Work request: Nothing but the lines from the one with "Crescent Lock for" through the end of the data should be set down, each exactly as written, and no picture should be included.

Source material:
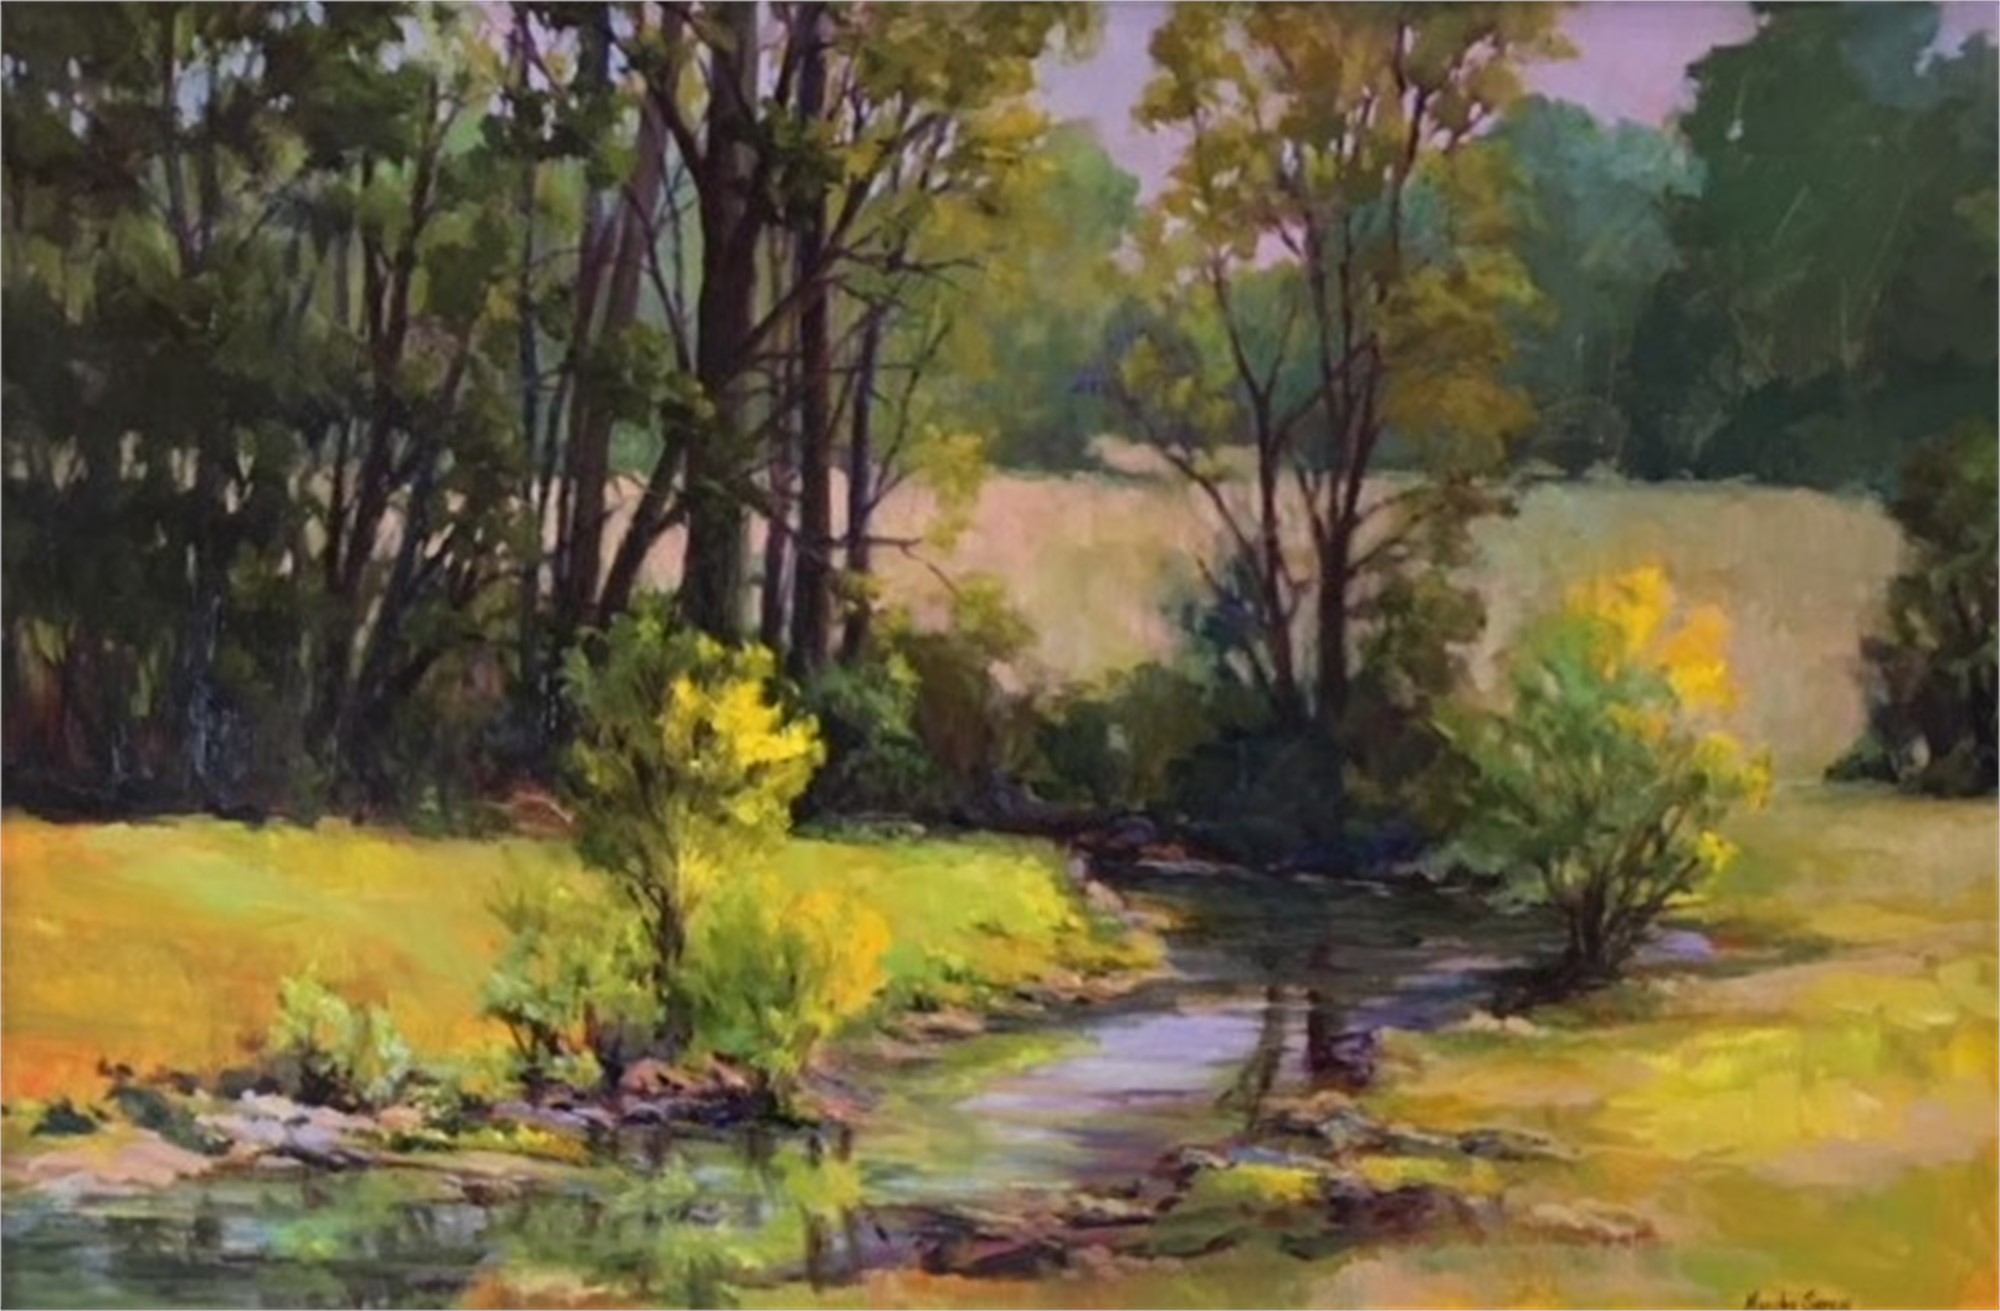 Morning Creek by Marsha Hamby Savage
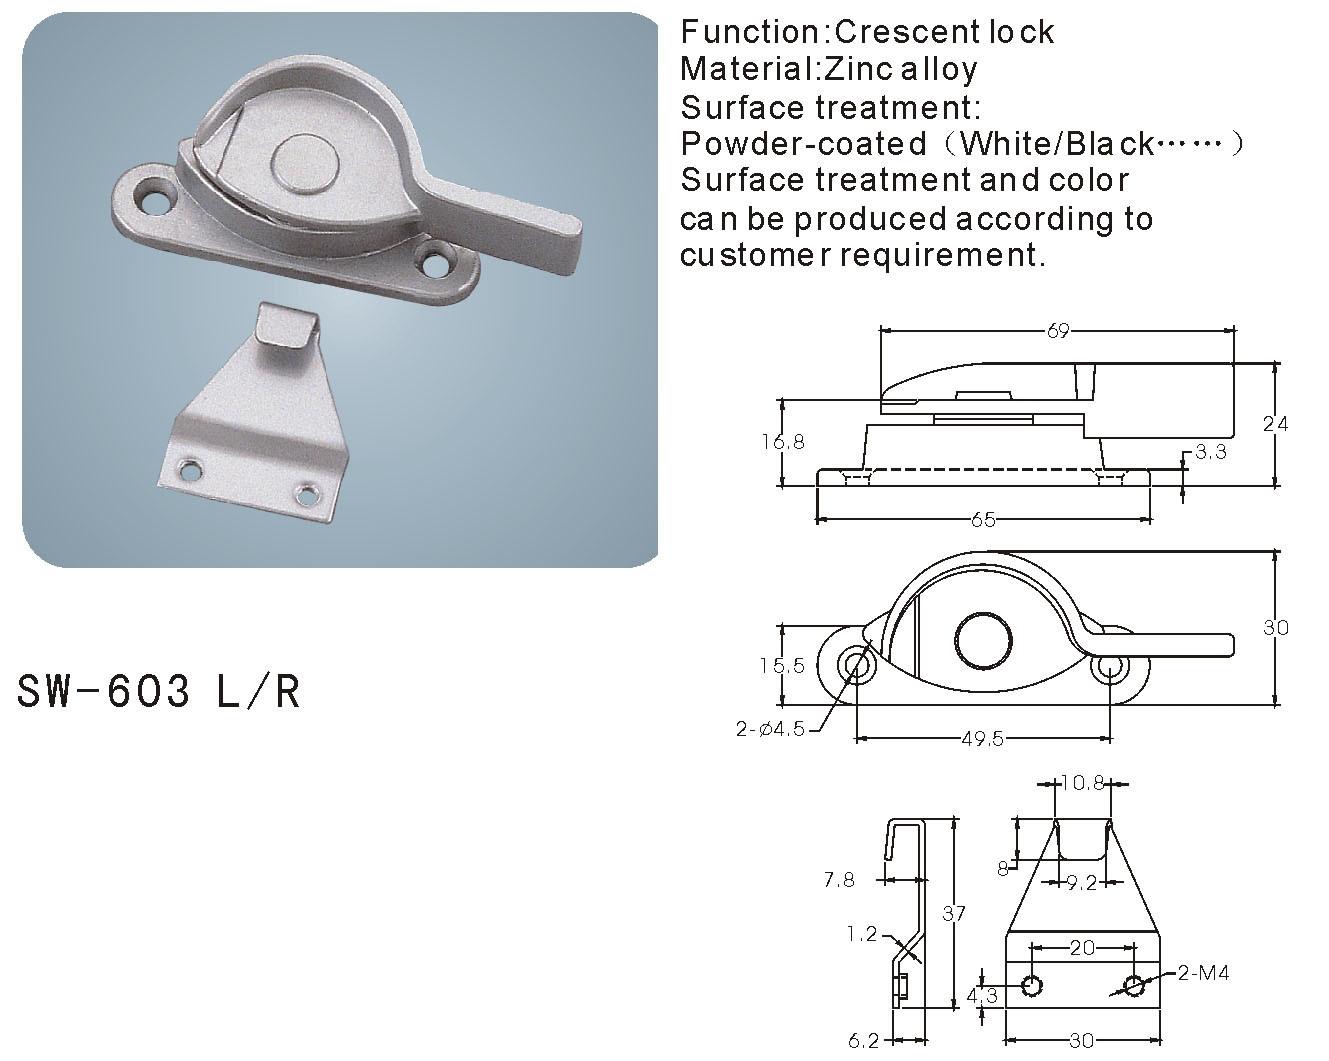 Crescent Lock for Window and Door (SW-603 L/R)
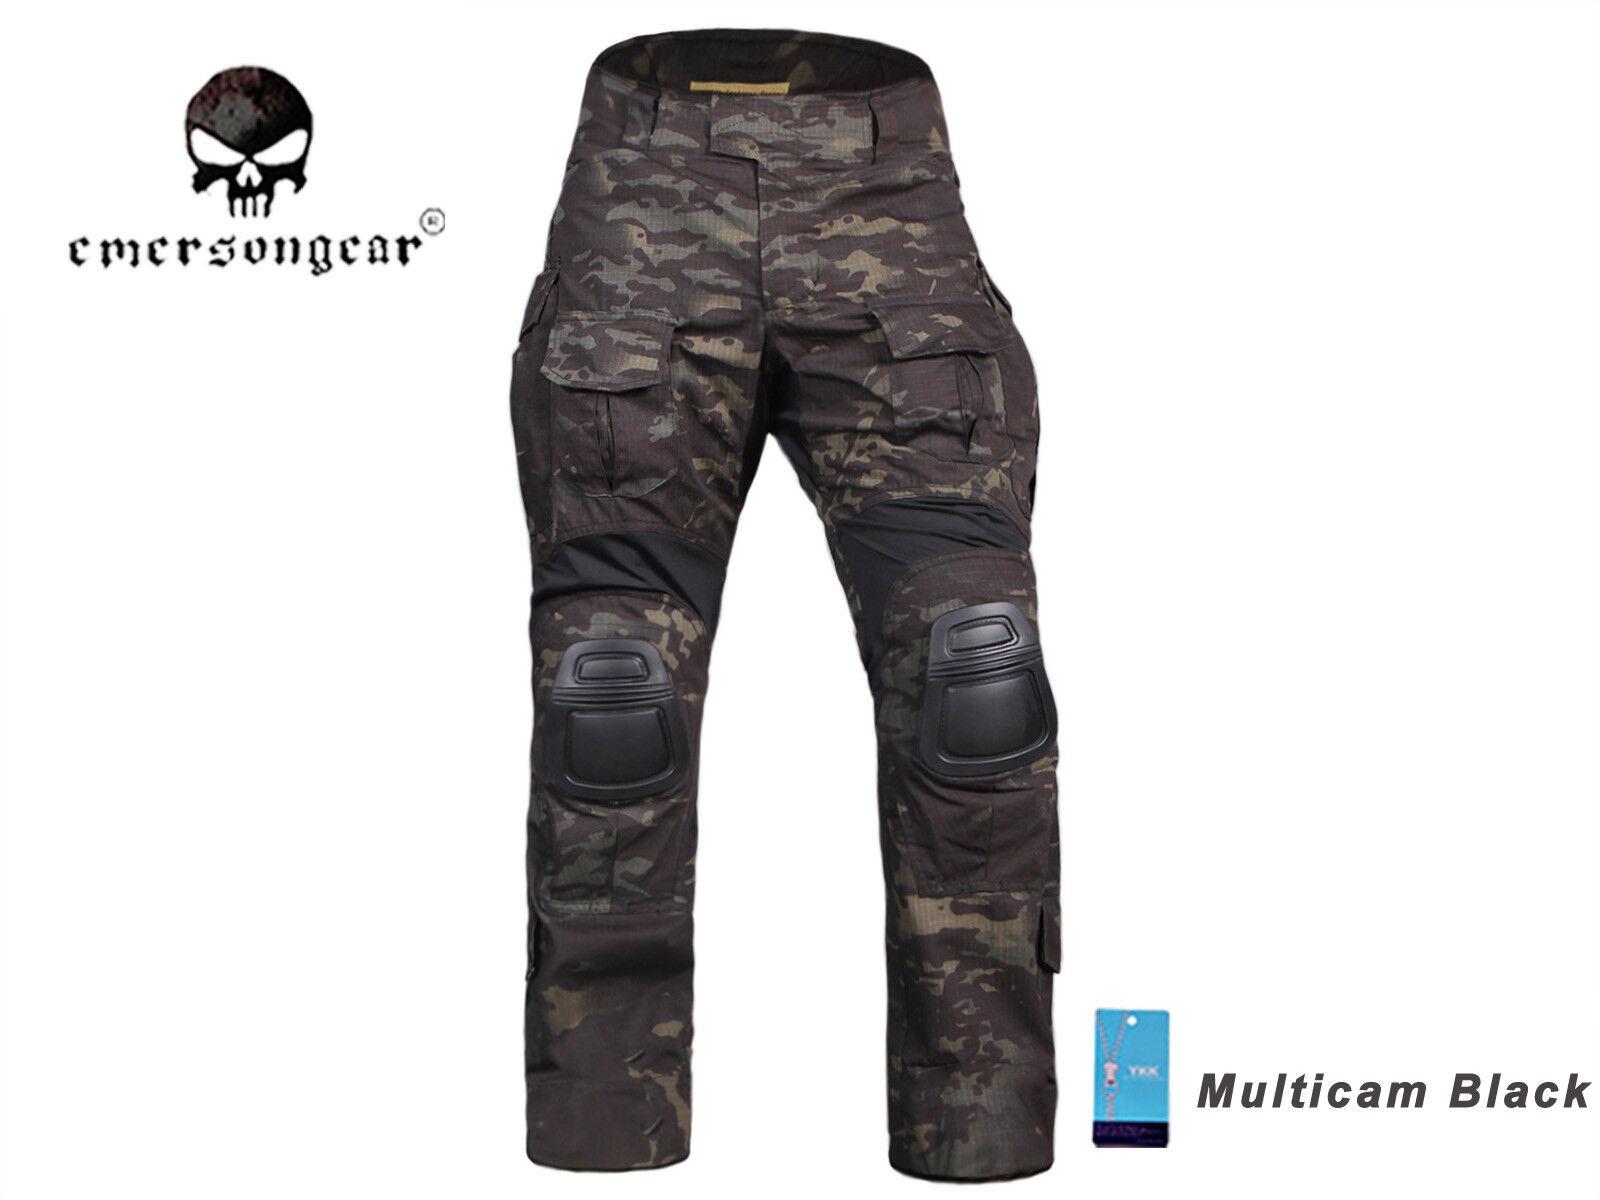 Emerson Combat Gen3 Pantalones Con Rodillera Airsoft Caza Pantalones Tácticos MCBK
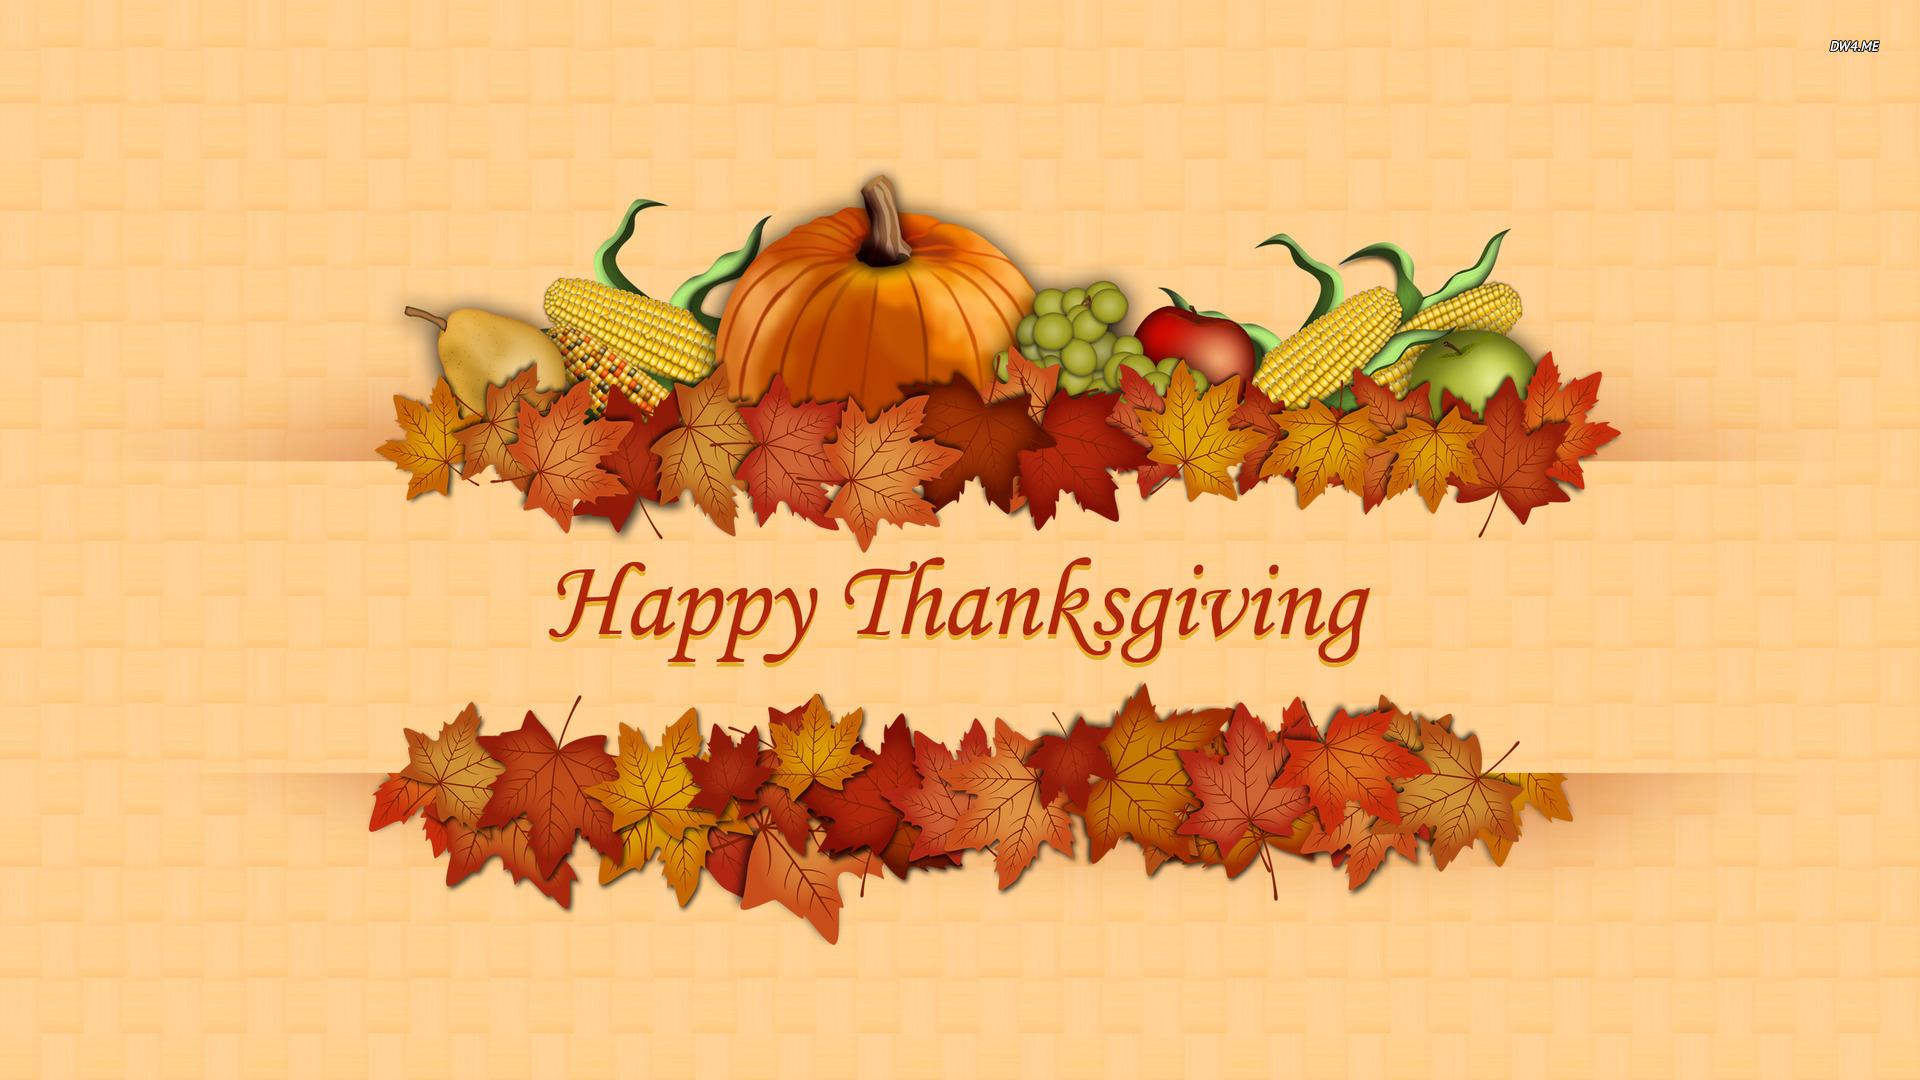 free thanksgiving desktop backgrounds

Answer to the problem:
 Crescent Lock for Window and Door (SW-603 L/R)
 Emerson Combat Gen3 Pantalones Con Rodillera Airsoft Caza Pantalones Tácticos MCBK
 free thanksgiving desktop backgrounds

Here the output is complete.